Albert (a fictional character) took a mandatory risk profiling questionnaire with his banker. He was profiled as someone with very high willingness and ability to take risks. He also had substantial investing experience. Accordingly, he was deemed suitable to take on very aggressive portfolios.

If you are Albert’s banker, what would you do?

  1. Follow the questionnaire results and recommend him very aggressive portfolios
  2. Have further interaction with him to understand his natural behaviour

Realistically, we expect most people to choose option 1. It is after all a compliant process. Option 2 may even be viewed as unproductive for sales.

However, let’s say you now spend more time to interact with Albert before recommending any portfolios. You uncover more personal information about Albert.

It turns out that Albert values independence very much. He likes to travel alone because he does not like to follow others’ plans. Of his own accord, he is a freelancer.

Does this new piece of information change your investment recommendation for him?
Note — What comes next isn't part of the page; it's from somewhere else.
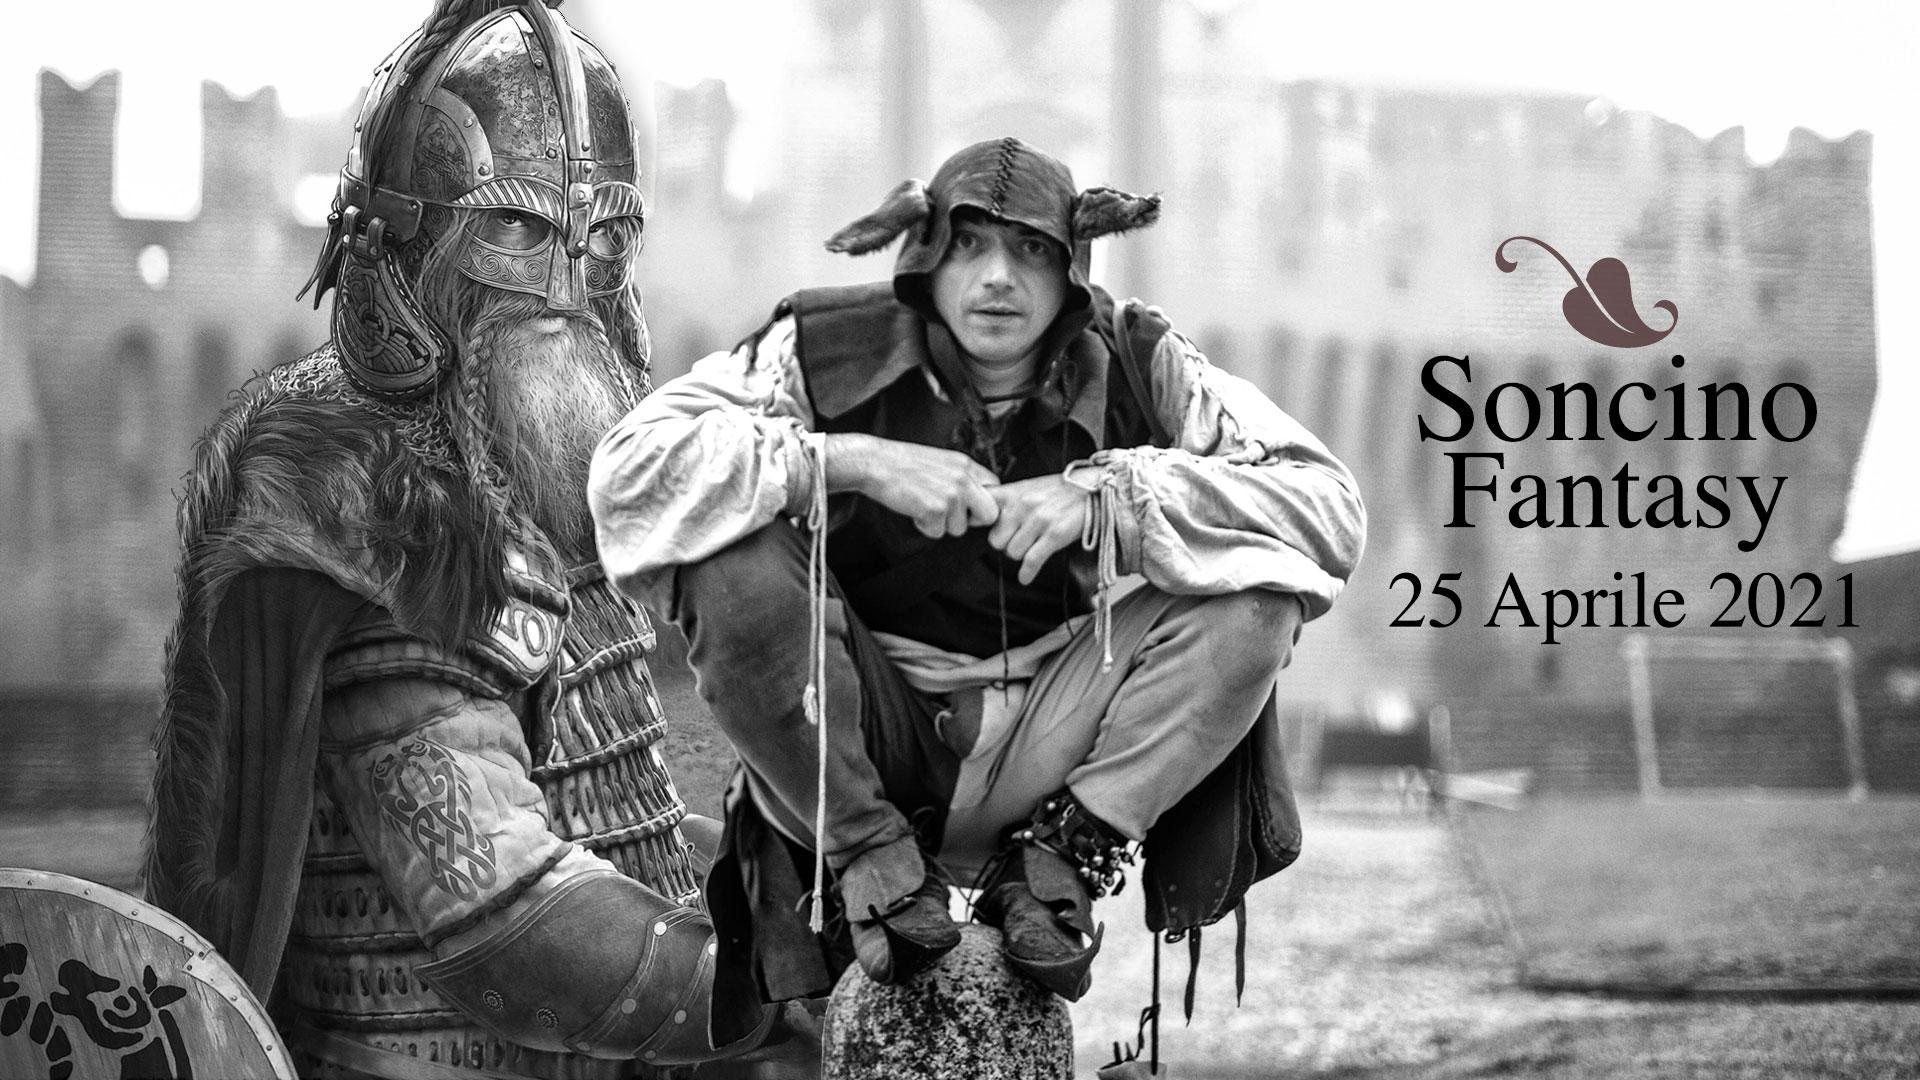 Soncino Fantasy 2021

Albert assures you that he is a very decisive person. In his words, he does not like to over-analyse and believe that in life, one should “just do it”.
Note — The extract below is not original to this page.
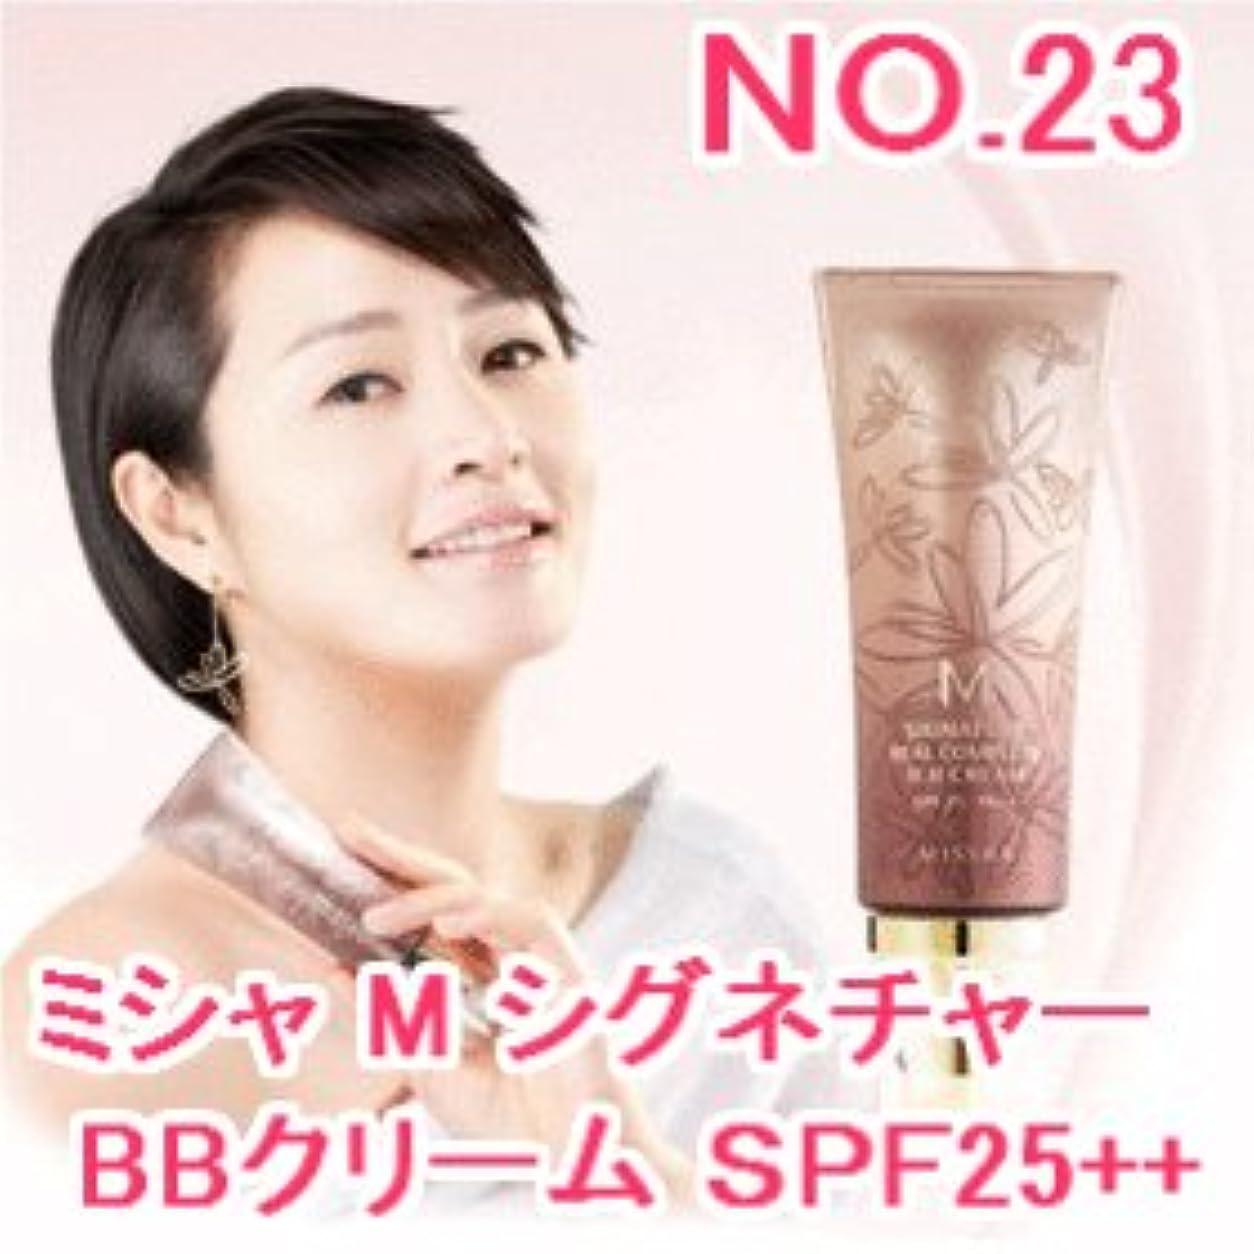 アニメーション漂流写真NO.23 ミシャ M シグネチャー リアルコンプリート BBクリーム SPF25 PA++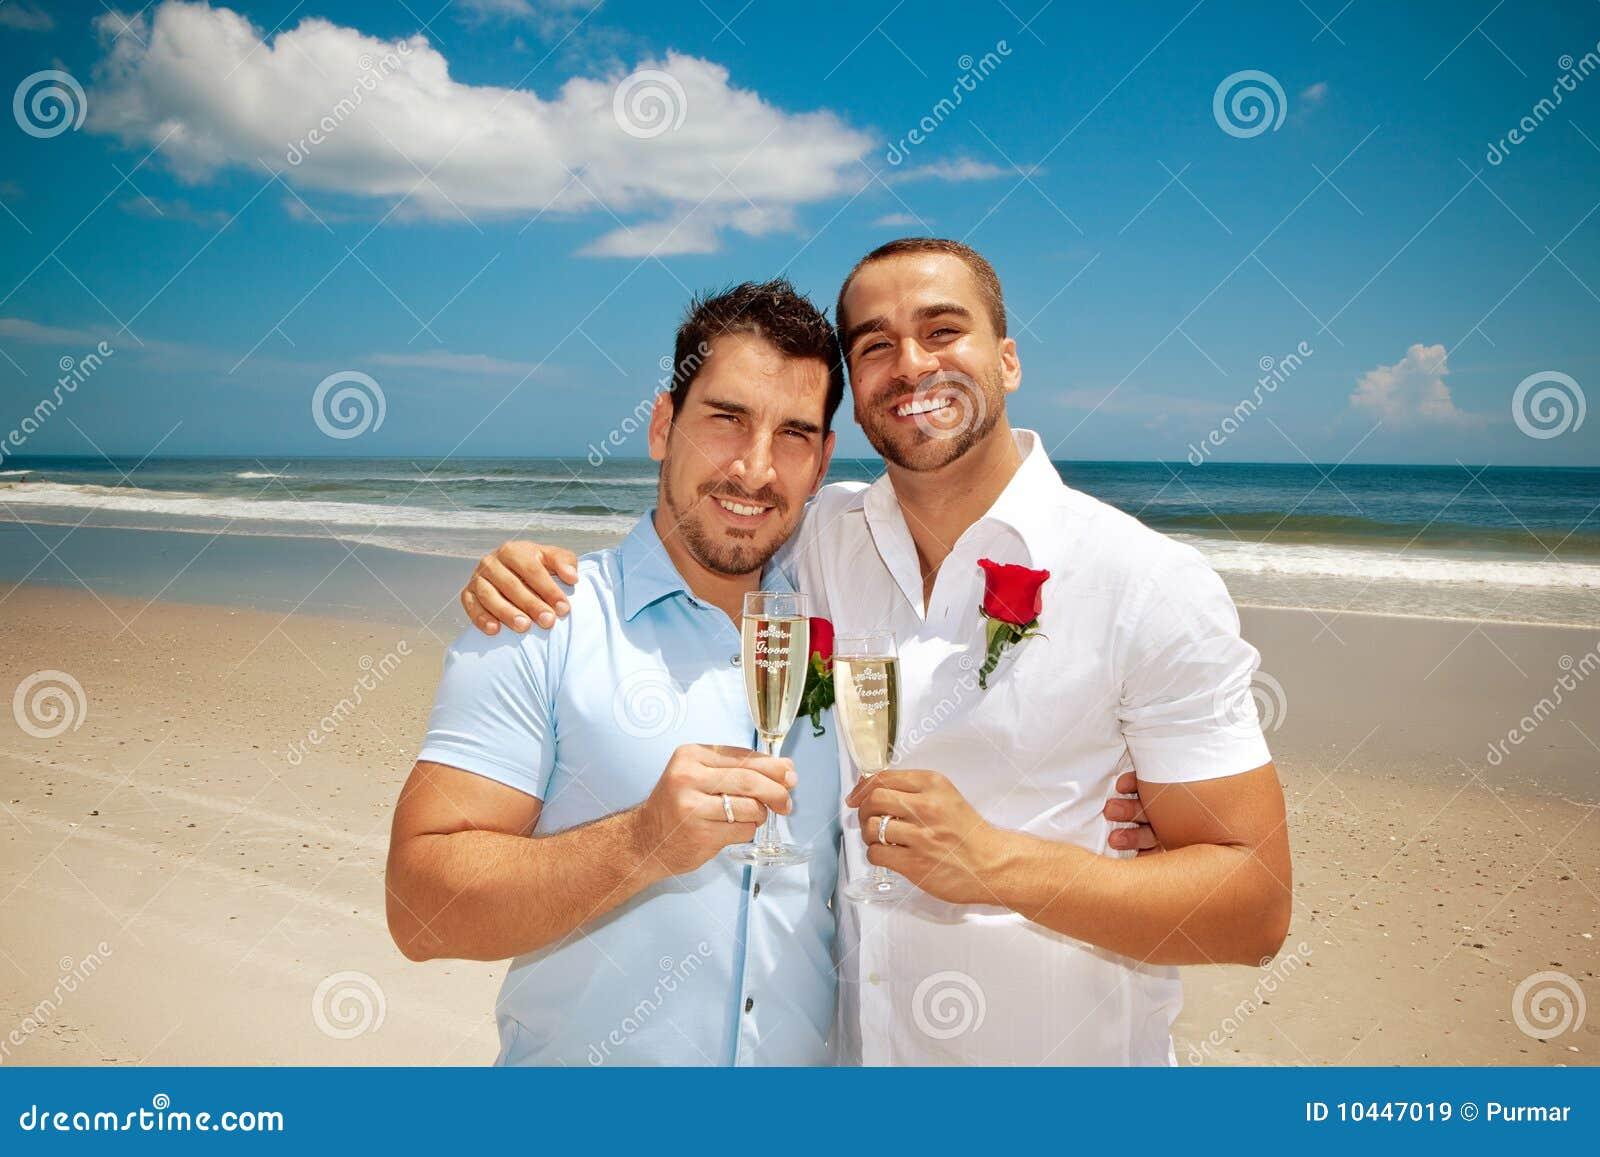 mariage homosexuel sur une plage images libres de droits image 10447019. Black Bedroom Furniture Sets. Home Design Ideas

Would you still stick to the aggressive portfolio recommendation?

It takes an astute advisor to caution Albert of his multiple blind spots in his investments and recommends preventive measures. Being independent, he is self-confident of his own judgement and insists on his own way. Not a fan of deliberation, he tends to act (almost) instantly. In stressful times such as a stock market crash, he can be expected to become too impulsive and stubborn for his own good.
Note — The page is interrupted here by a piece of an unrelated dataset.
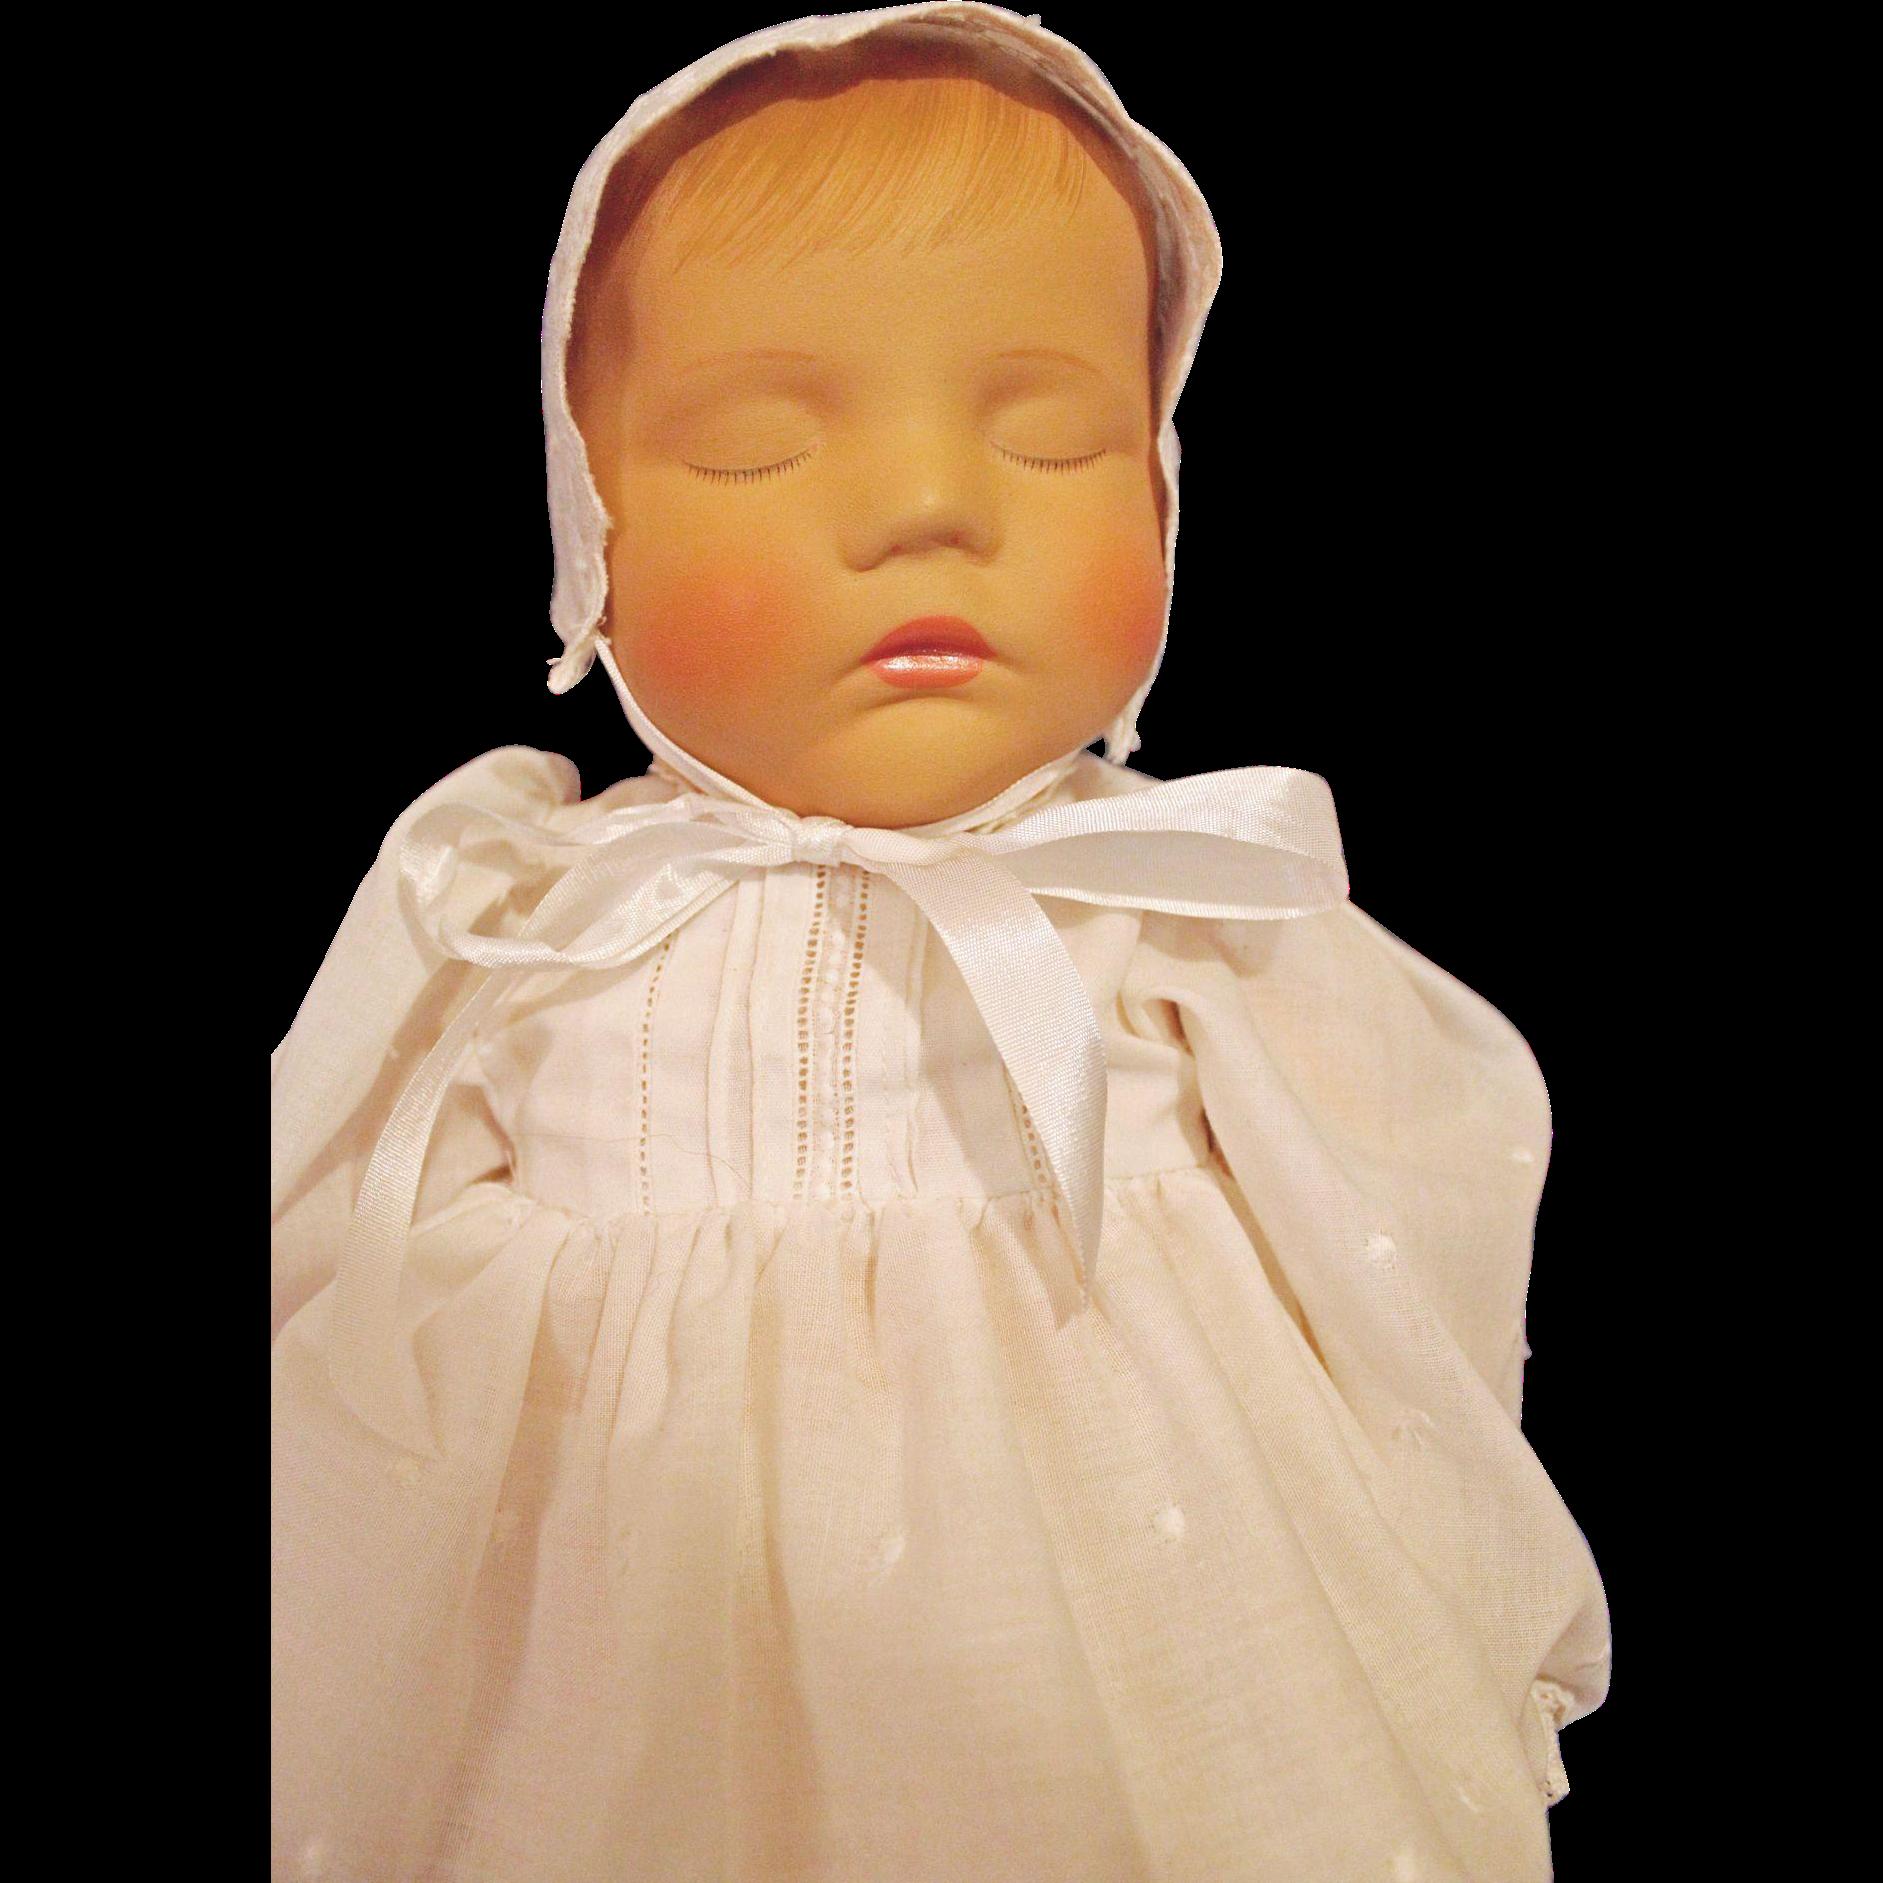 Kathe Kruse Traumerchen Baby Doll

We have made some very important assumptions in this story. We assume that you ask Albert the right questions to elicit relevant insights about him. We also assume that you have managed to piece the clues together to form the big picture. Lastly, we assume that you have the gut instincts and/or experience to realise the investment implications.

Without these assumptions, you would still be a compliant banker for Albert by choosing option 1.

However, a systematic tool-supported process to uncover Albert’s intrinsic values would have helped you fulfil our assumptions with confidence to deliver value to him.